The Anglo-Norman barons, anxious to invoke on their behalf the ancient superstitions of the English, caused the banners of St. Cuthbert of Durham, St. John of Beverley, and St. Wilfrid of Ripon, to be brought from the churches in which they had remained since the time of the Conqueror, and erected them in the midst of the camp. The mast of a ship was set up in a car with four wheels; at the top of the mast was fixed a crucifix, attached to which was a silver box, containing the sacramental wafer, or eucharist, and round it were hung the banners of the three English saints.

This standard, from which the battle has taken its name, was erected in the centre of the position. The knights of the English army were ranged beside it, having first sworn to remain united, and to defend the sacred symbol to the death. The Archbishop of York, who was prevented by illness from appearing in the field, sent a representative in the person of Ranulph, Bishop of Durham, who, as the Scots were heard approaching, placed himself at the foot of the standard and read the prayer of absolution, the whole army kneeling before him. The attack was made by the men of Galloway, who rushed impetuously on the English infantry, and broke their ranks; the cavalry, however, remained firm round their standard, and repulsed the charges of the Scots with great slaughter.

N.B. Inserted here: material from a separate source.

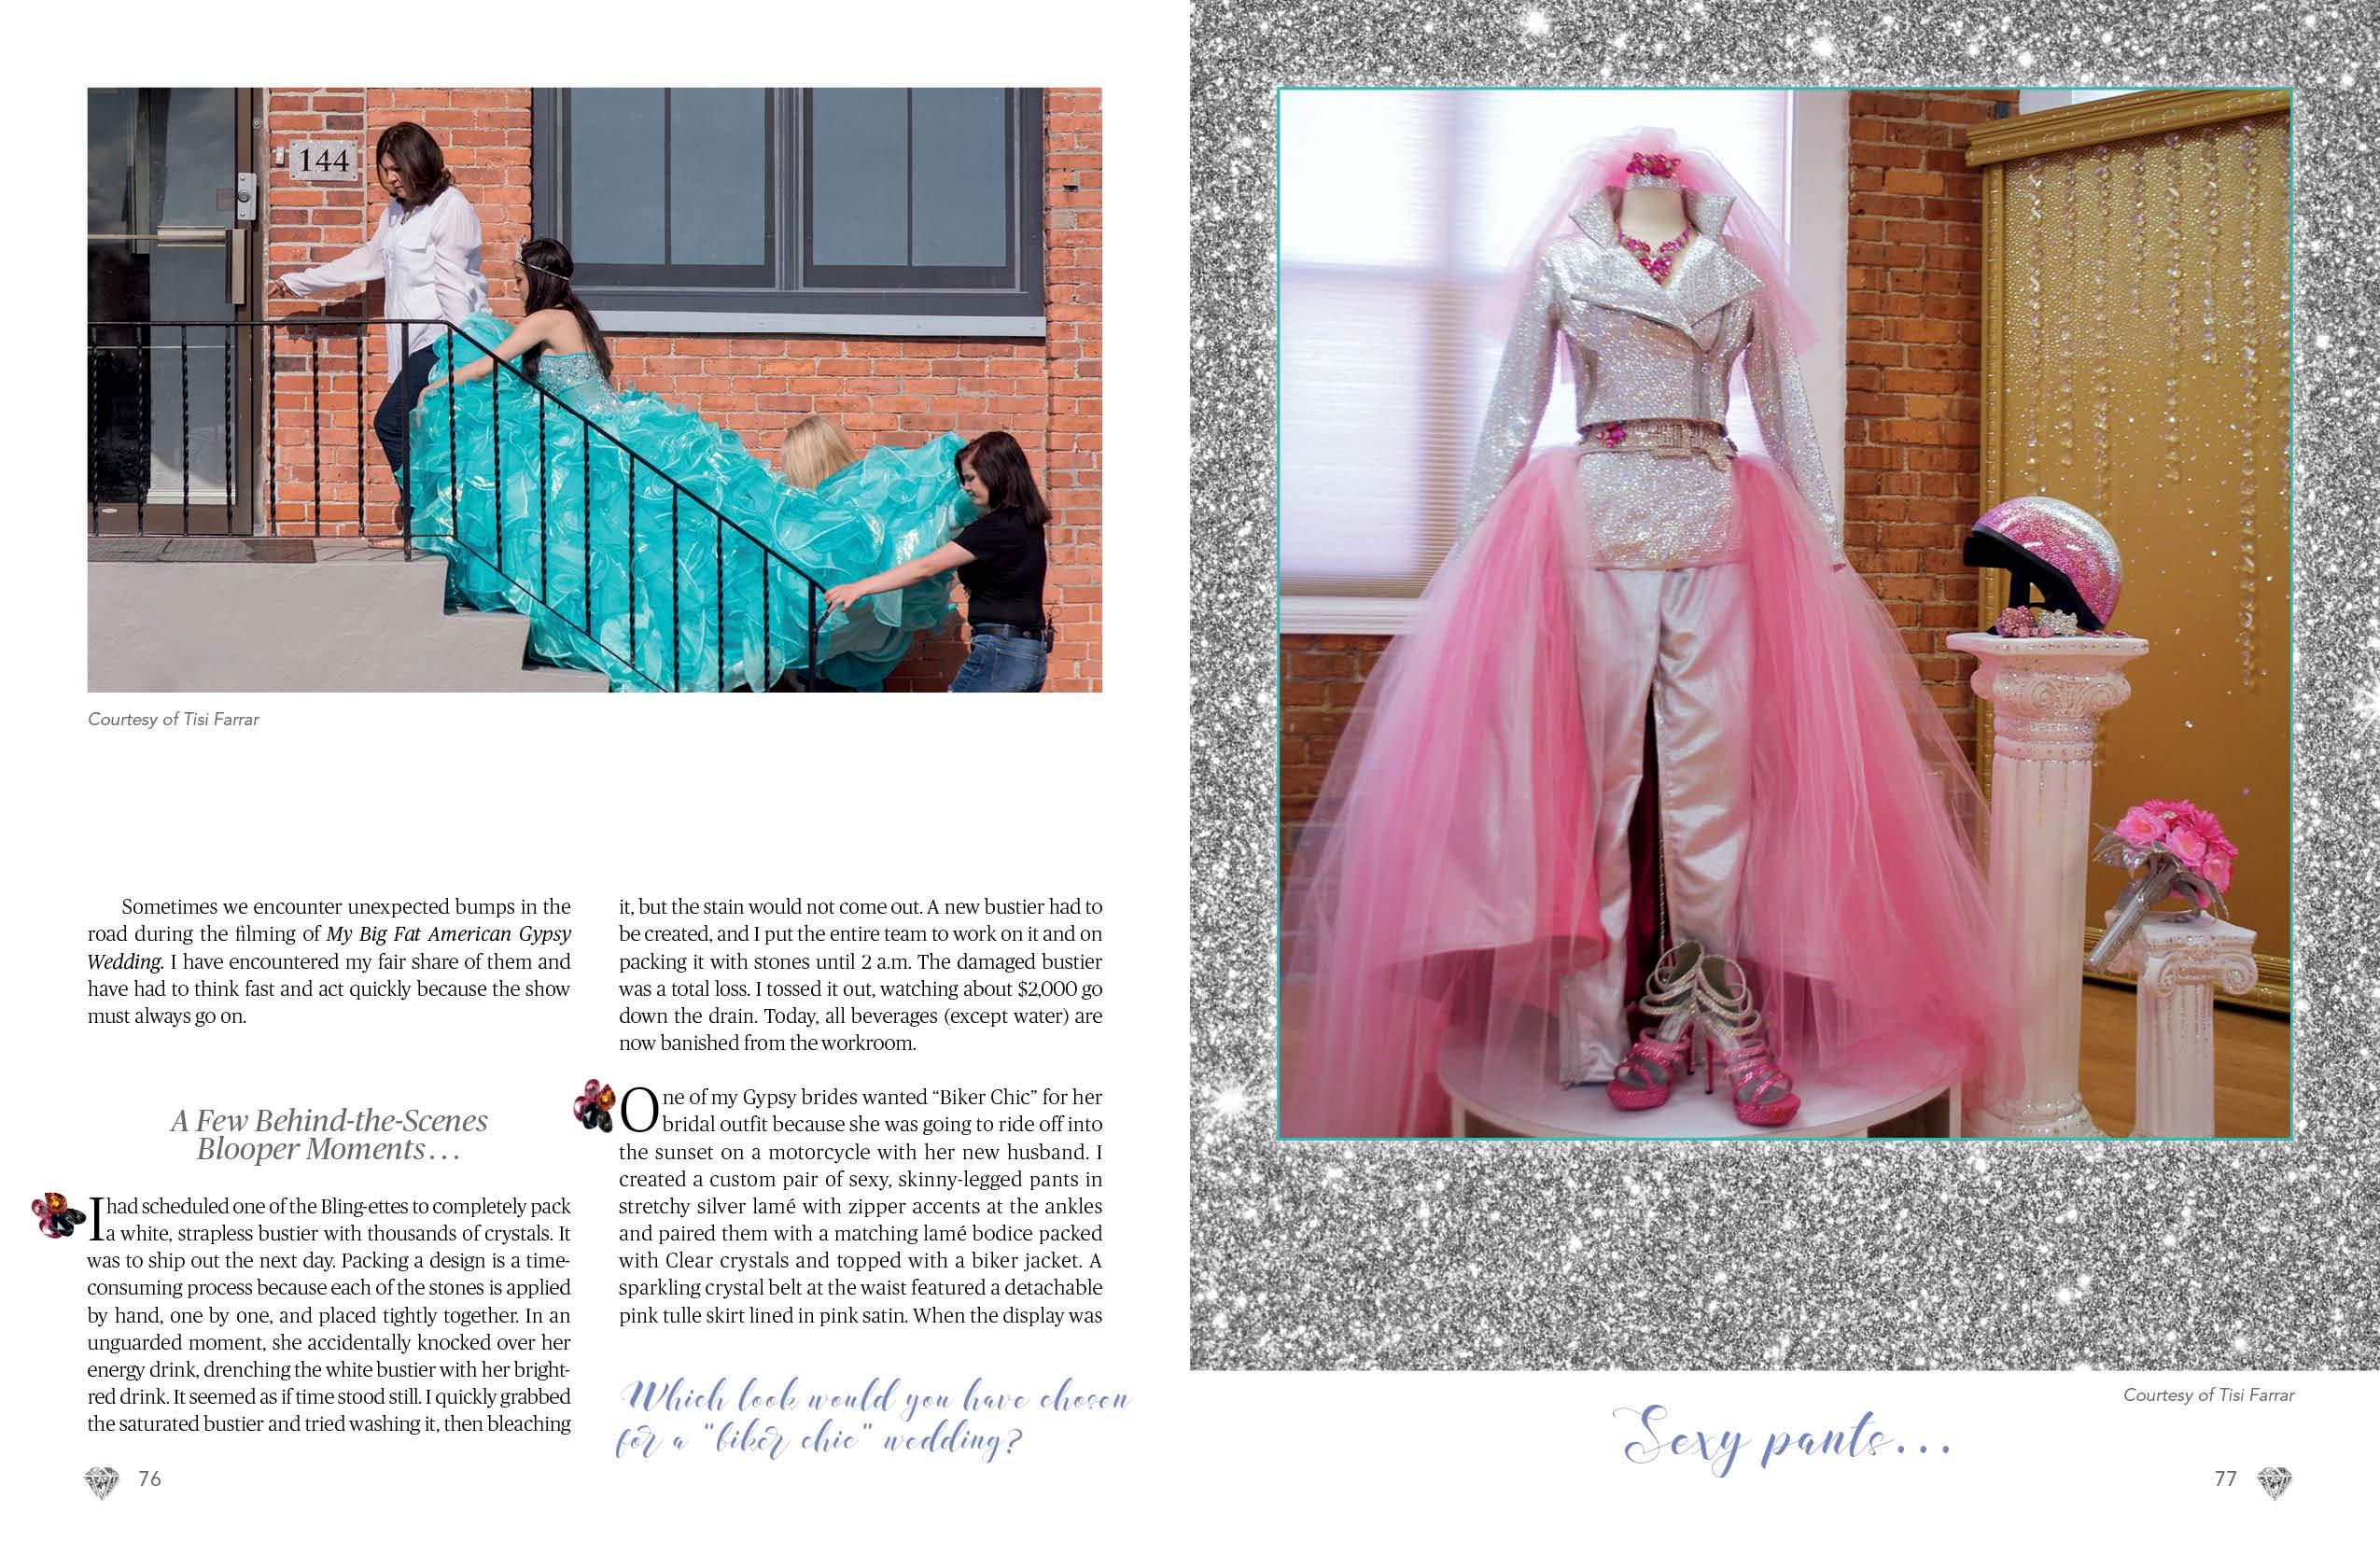 738fed3932e9 Bling!: The Uncommon Crystal Couture World of Sondra Celli: Sondra Celli,  Tisi Farrar: 9780764357336: Amazon.com: Books
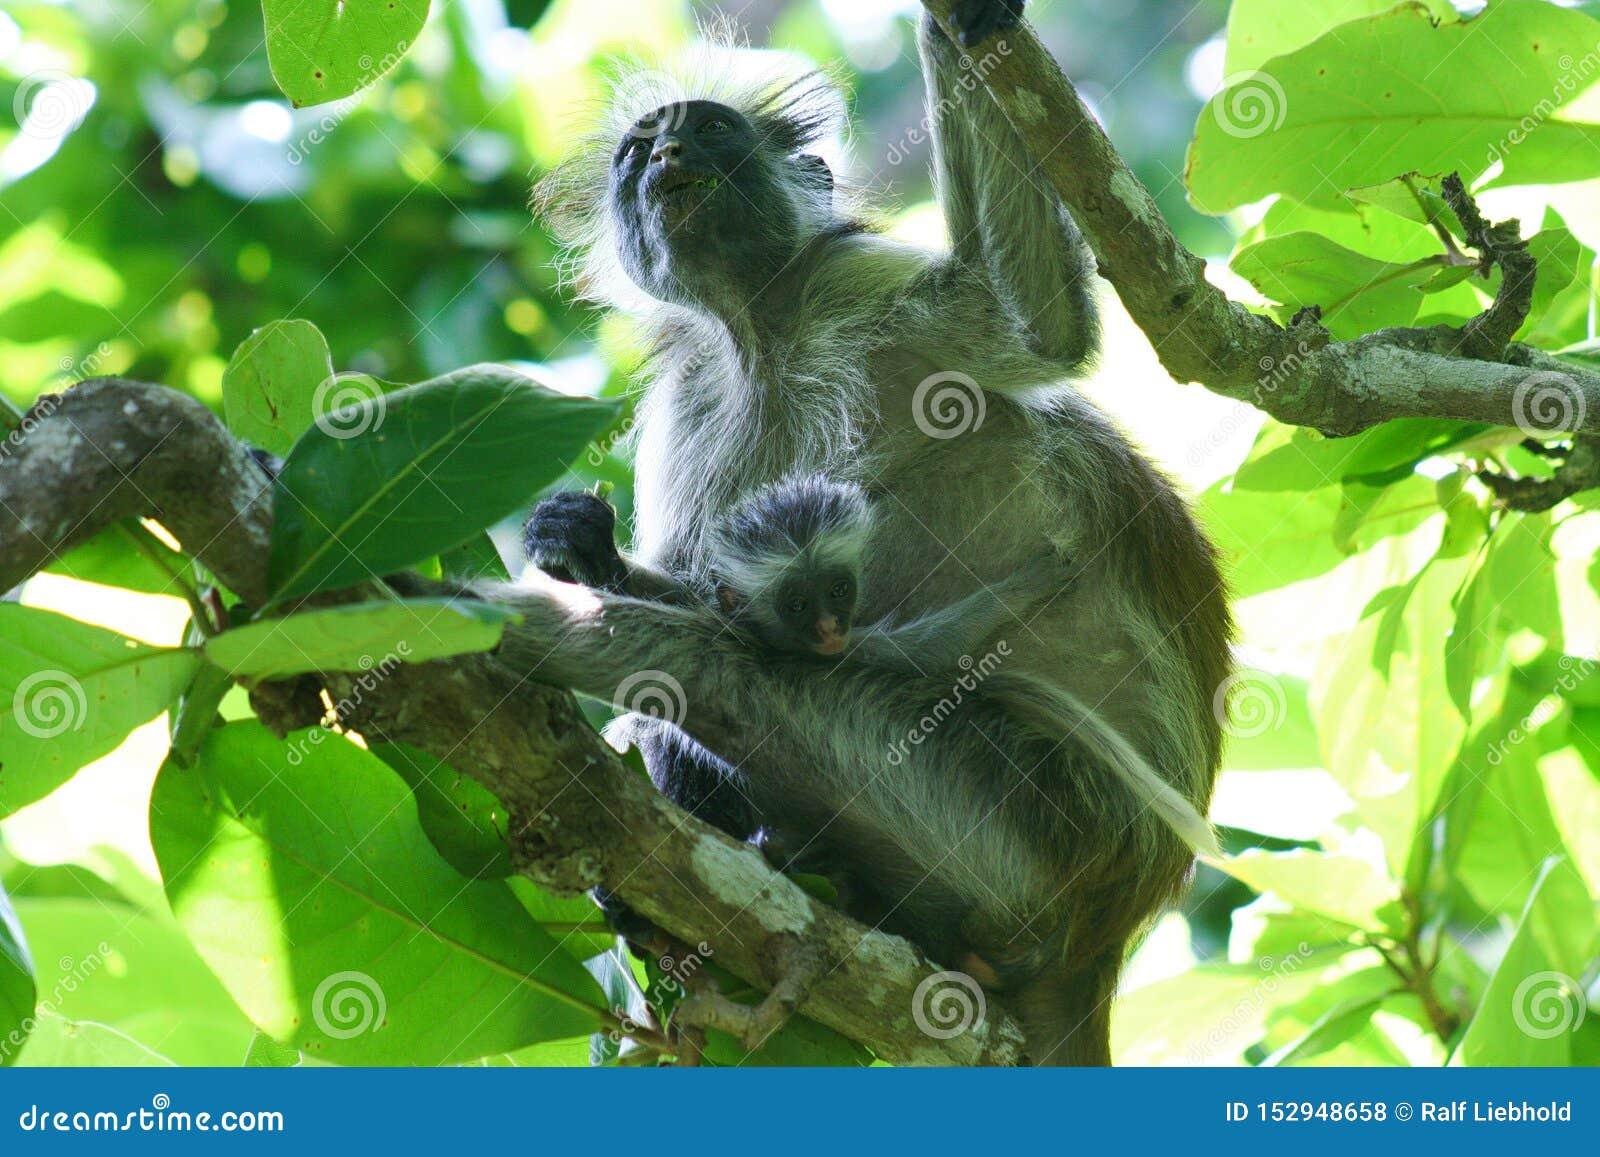 endangered red colobus monkey Piliocolobus, Procolobus kirkii mother with baby in the trees of Jozani Forest, Zanzibar

Meanwhile the bowmen of Yorkshire and Lincolnshire rallied from their confusion, and poured in flights of arrows upon the enemy, while the Norman knights, protected by their heavy armour, were receiving the attacks of the brave but undisciplined natives of the north. The Scots maintained the contest for two hours, but at length they were thrown into confusion by a charge of the Norman cavalry, and were compelled to retreat as far as the Tyne. At the battle of Northallerton, which was fought on the 22nd August, a.d. 1138, the loss of the Scots is stated to have been 12,000 men.